Поди, признай, кого в глаза не видала, особенно если ему на фотографии два года от роду. Ну, ладно, авось родители по имени вспомянут. Они и вспомянули.
- Садись, говорят, Любочка, пиши соколику, а мы подиктуем.
Обрадовалась Любочка. «Ну, думает, теперь точно имя узнаю.» Ручку с бумагой взяла, а мать диктует:
- Здравствуй, дорогой сыночка!
Ну, сыночка, так сыночка. Авось сам в письме отзовется. На всякий случай приписала: «Дорогой соколик, все хорошо, только случайно палец сломала так, что  даже почерк изменился.»  Авось сам в письме отзовется. А он в письмах по-прежнему «Твой А.» Не Вениамин, не Виктор. А так А. Крыша над головой есть, родня, хоть и чужая, а любящая. Еще неизвестно, что с ней бы стало, узнай кто, что она по чужому  паспорту. В общем, прожила так Любочка до самого сорок пятого, до победы, то есть. Ну, думает, жених вернется, кем я перед ним предстану? Сбежать хотела, да хотей не велел. Письма от милого приходить перестали. Родители невестку пуще прежнего берегут.

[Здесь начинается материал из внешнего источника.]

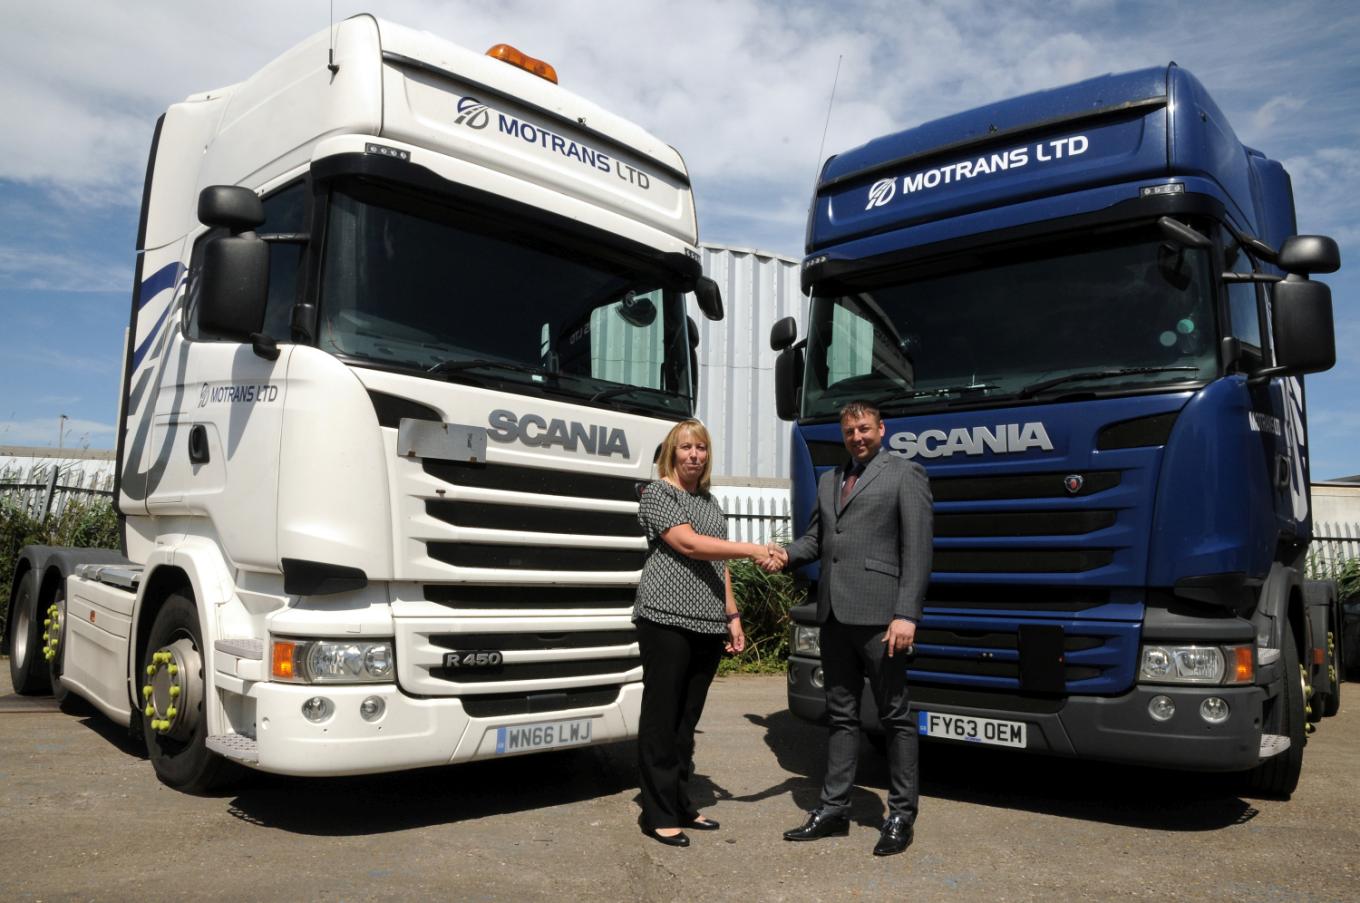 A man and a women shaking hands in front of 2 Motrans lorries

Полгода прошло с победы, а Соколика нет. Уже вокруг нее другие птицы-вороны вьются, а она жениха ждет. Она по его письмам так полюбила, что ни на кого другого и глядеть не хочет. Запрос бы про него начальству дать, а она имени не знает. А родители про сыновей только — старшой, да меньшой, как догадаться, который? Прямо хоть к соседям беги! У Маруси и у той не спросила, хотя сдружились — не разлей вода. Так бы, может, и дожила до старой девы, а тут раз — и один из сыновей вернулся. Только ее ли милый, или другой? Она ж-то как звать его не знает и в глаза никогда не видала. Мать к сыну кинулась:
- Витечка, сынку!
Он вошел в хату, с родителями целуется, а на Любочку, как на пустое место, ноль внимания.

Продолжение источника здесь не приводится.